Now here is another interesting article from New Scientist, publicly available and well worth reading, on a Resources For the Future study on how the U.S. is doing with climate change. The title is “how Obama Will Deliver His Climate Promise”. I don’t know about you, but friends and strangers feel comfortable lecturing me at how poorly the US is doing..
but what I found interesting on the topic “who funds whom to study what, and why?” is the box in the article.

Fixing America’s gas leak

Measured over a century, methane has 25 times the global warming potential of carbon dioxide – so the last thing the planet needs is for the stuff to be escaping into the atmosphere. Yet that’s happening on a massive scale in the US, through leaks from production wells and the pipes that distribute natural gas.

The US Environmental Protection Agency estimates total losses at 2.4 per cent of the gas being extracted, but the true figure could be higher. A survey in Colorado, led by the National Oceanic and Atmospheric Administration, last year suggested the region’s wells were losing some 4 per cent of what is produced.

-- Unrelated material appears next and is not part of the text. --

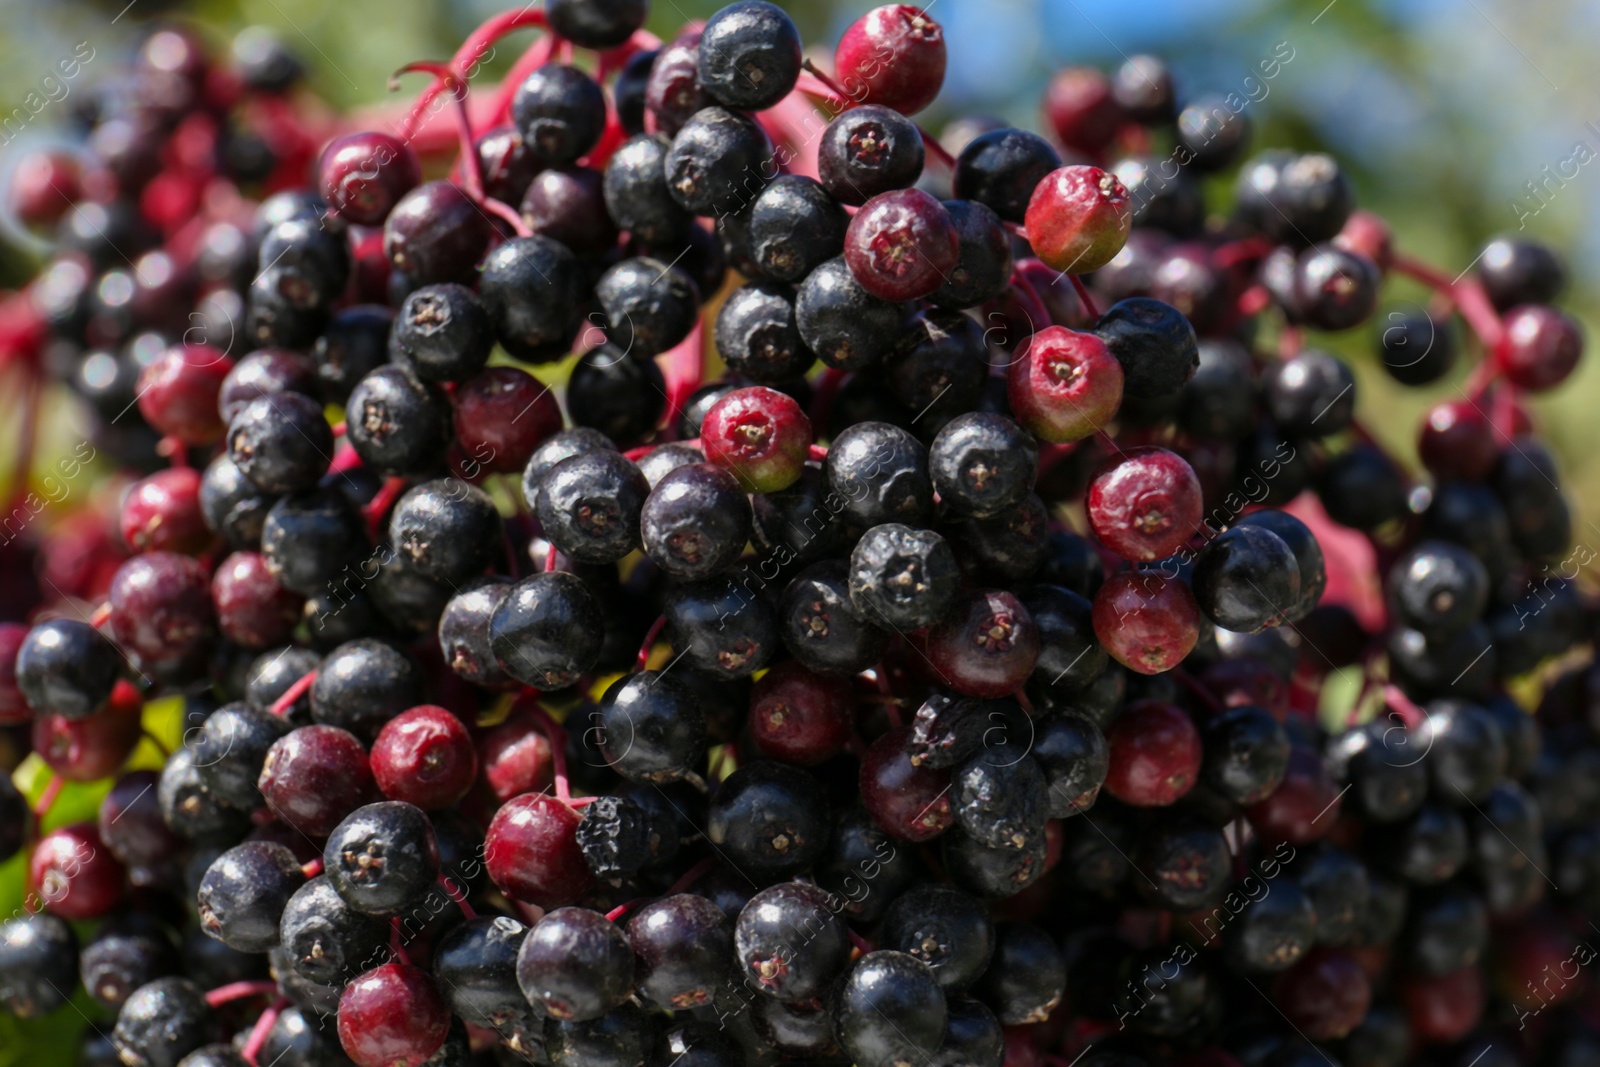 Photo of Tasty elderberries (Sambucus) growing on blurred background, closeup

Putting firmer numbers on the problem is the goal of a study led by the Environmental Defense Fund (EDF) in New York City. It should have figures for production wells by the end of March, and for the entire distribution system by January 2014.

With better numbers in hand, the government could demand the leaks are plugged. “It is quite possible to produce natural gas with minimal ‘fugitive’ emissions,” says Mark Brownstein of the EDF. “It may just be a question of operational and maintenance practice.”

So this piece hits on two of my favorite topics..

1) if EPA and NOAA came up with different numbers, shouldn’t there be a joint story for why the numbers are different?
2) If this question is really important to the US fighting climate change, why isn’t someone besides EDF funding it? (Do we think they are objective?)

Which reminds me of this article in the Denver Post “Hickenlooper argues in D.C. for state regulation of fracking.”

Hickenlooper, a former geologist, talked about “fugitive methane” — poisonous gas escaping during gas production. He said Colorado officials are working with Colorado State University on a study to measure air quality in different seasons in oil-producing parts of the state to “understand the consequences.”

Doesn’t it seem like if natural gas is going to dig us out of our climate change hole in the short term, we would spend more federal bucks on ensuring it’s safe.. say compared to “basic science.” If we need to understand something vitally important to our energy future and to human health and the nevironment, hodgepodgery is not a good enough strategy. In my opinion.

1 thought on “Let’s Get the Public in the Science Priority Pipeline”

  1. It was widely reported in early this month that a report, written by Bloomberg New Energy Finance for the Business Council for Sustainable Energy (www.bcse.org/), shows that 2012 US carbon-dioxide emissions were at their lowest levels since 1994. Carbon emissions peaked in 2007 and have fallen by 13 percent since then.